Тихо разбрелись по юртам казаки. Тишина воцарилась в городке. Только сторожевые обычным окликом «слу-у-у-шай» по временам нарушали ее.

Матвей Мещеряк добровольно занял пост одного из постовых казаков, отпустив спать последнего. Матвею не спалось все равно в эту темную, непроглядную осеннюю ночь. Смутно реяли думы в темнокудрой голове недавнего разбойника. Невеселые думы. Участь названного брата непоправимым укором легла ему на совесть… Не уберег он, не доглядел, попустил погибнуть его, Алешеньку, окаянный… Эта мысль точно камнем упала Матвею на грудь и давила, давила нестерпимо. Особенно угнетало его то, что, несмотря на поиски, он не мог найти между убитыми трупа Алеши. Даже Агашу забыл теперь Мещеряк, забыл и обещание свое принести ей богатые подарки, награбленные из татарских юрт… Перед ним стоял окровавленный призрак его юного друга и брата. Красивые синие глаза Алеши с укором, казалось, глядели на него…

— Не доглядел… не уберег… — шептали беззвучно ссохшиеся от внутреннего волнения губы Матвея.

Он взглянул на небо. Там было хорошо. Золотые звездные огоньки-очи мерцали, мигая с какою-то умиротворяющей лаской на темень земли. Но они не приносили должного облегчения душе Матвея. Он перевел взор на реку. Река стонала. Легкий слой льда, сальца, хрустел и ломался в ночной тиши.

Прибрежные кусты осоки тянули безобразные, в темноте принявшие чудовищные очертания, крутые ветви… Что-то темное копошилось под одним из них.

Матвей невольно дрогнул.

— Никак татарва сюды крадется?.. Вот бы раздобыть языка… Ишь, придумал где схорониться, поганый!.. Постой же ты у меня!..

И, держа чекан наготове, Матвей бросился вперед к кусту, к тихо двигавшейся фигуре.

Та перестала шевелиться и притаилась в тени осоки.

В один миг Мещеряк очутился перед лежащей фигурой.

— Жизнь либо смерть! — вскричал он грозно, занеся свой чекан над головою врага.

И тут же выронил оружие, весь похолодев от ужаса.

— Алеша, ты ли это?.. — не своим голосом вскричал казак.

— Я, братику… Я, Матюша… — услышал он слабый ответ. — Едва выбрался из полону… Слава те, Господи, добрался до своих…

Не помня себя обнял его Матвей.

— В юрту… к атаману… — лепетал он, едва сознавая действительность, — родимый ты мой, ведь за мертвого почитали… молились за упокой души… А он!.. Зелена вина тебе чарку да хлебушка… Пойдем, родимый… — весь дрожа от нетерпения ронял Мещеряк.
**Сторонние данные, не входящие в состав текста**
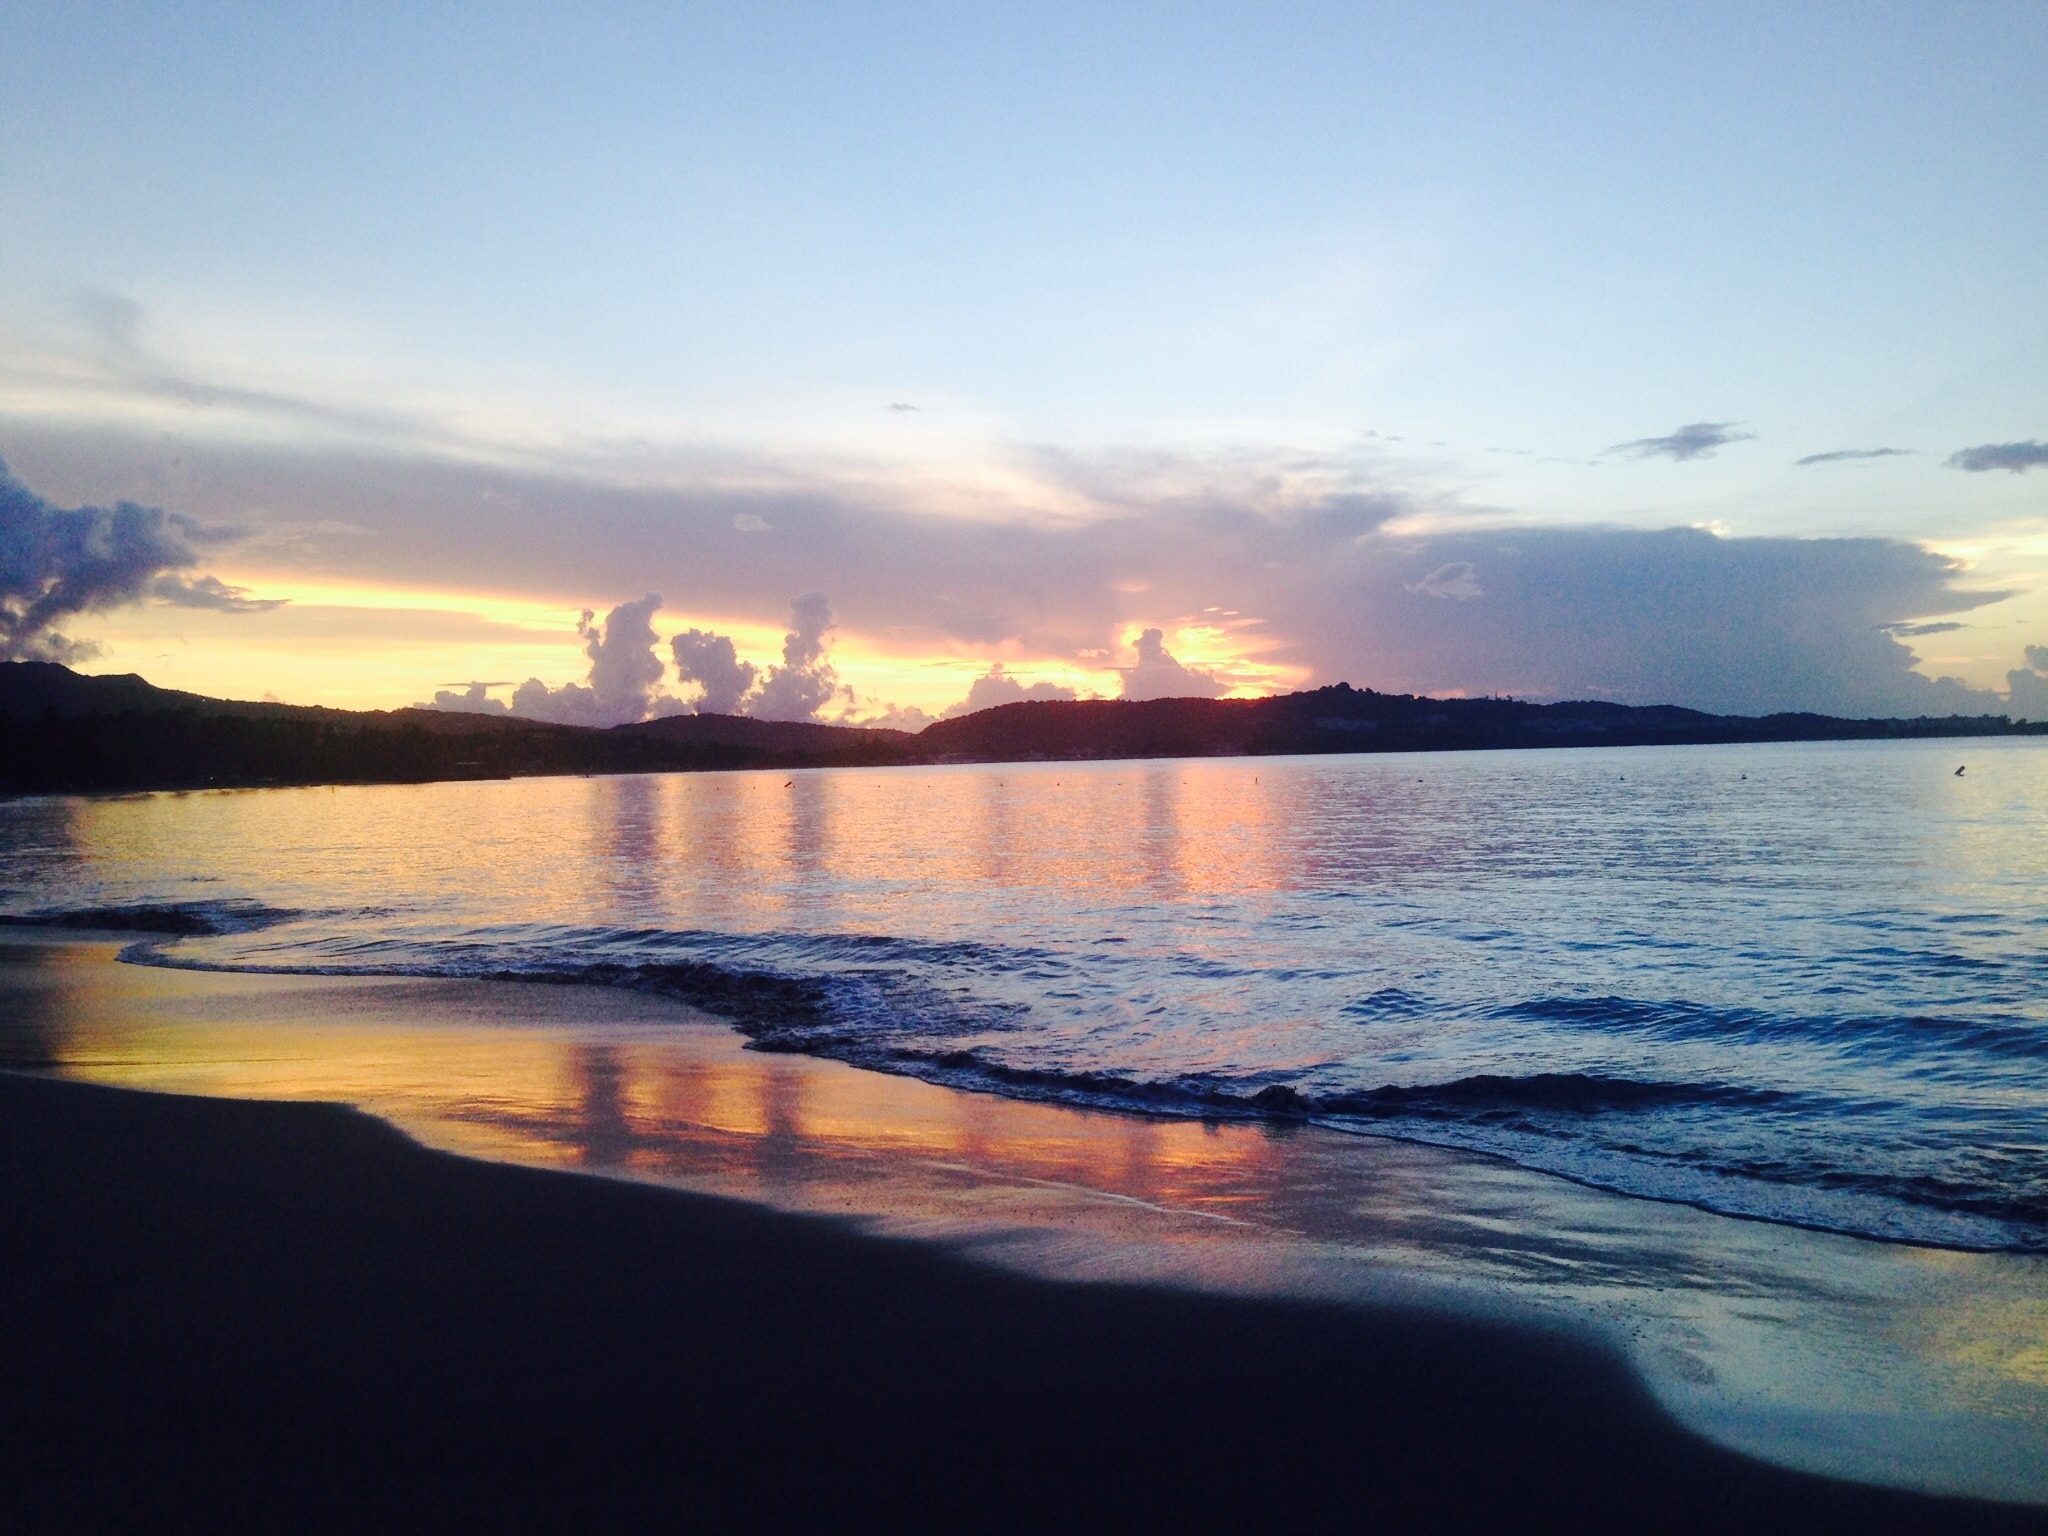 Sunset at the beach in Puerto Rico

И обхватив своими сильными руками за плечи Алексея, он почти понес Алешу в юрту Ермака.

Но не один он радовался освобождению князя. Атаман света не взвидел от счастья, увидя своего любимца.

Чарка водки и несколько сухарей, да крепкий сон разом восстановили упавшие было от голода силы Алексея. Он спал как убитый в эту ночь, последнюю ночь перед последним боем.

Этот бой должен был сбросить венец Кучума к ногам Ермака или положить костьми его грозную, удалую дружину.

Глава 15

РЕШИТЕЛЬНАЯ ПОБЕДА. — ШУТКА ШАЙТАНА. — ГИБЕЛЬ ЗА ГИБЕЛЬ. — ГНЕВ АЛЛЫ

Это было на рассвете 23-го октября. Холмы и овраги еще спали под серой полосой тумана, когда к татарской засеке неслышно подобрались скрытые в долине казаки, таща за собою три небольшие, но тяжелые пушки.

Не доходя нескольких десятков саженей до засеки они остановились.

Ярким золотым пятном засиял крест в руках священника, шедшего в рядах воинов-казаков. Появились хоругви и стяги. Шапки полетели с казацких голов. Усердная молитва понеслась к небу. Коленопреклоненная дружина с верой и упованием предавала себя в руки Божии. Потом снова двинулась в путь, далее к засеке, где, окопавшись, засели полчища Кучума с удальцом Мамет-Кулом во главе.

Прогрохотала первая пушка… Раскатистое эхо повторила дремучая тайга и серые утесы далеко, далеко…

Градом стрел отвечал из засеки многочисленный неприятель. Стрелы посыпались частым, непрерывным градом на головы удальцов. Чем ближе приближались казаки, тем больше валилось раненых и убитых, устилая телами окровавленный путь к Искеру.

Видя, что русских только ничтожная горсть, татары сами проломали засеку в трех местах и устремились на осаждавших.

Ермак, собственноручно управлявший главною пушкою и в промежутках паливший без устали из своей пищали, увидел несметное количество конных и пеших, с диким гиканьем и свистом мчавшихся огромною ордою на его маленький отряд. Этот отряд убывал и убывал с каждой минутой под стрелами вдесятеро сильнейшего врага. Сердце атамана обливалось кровью. Жгучая мысль пронизывала мозг:

— А што ежели правы были ночью ребята?.. Што ежели все до единого поляжем костьми и николи не поведает народ православный, как славно бился за него насмерть со своей дружиной Ермак?..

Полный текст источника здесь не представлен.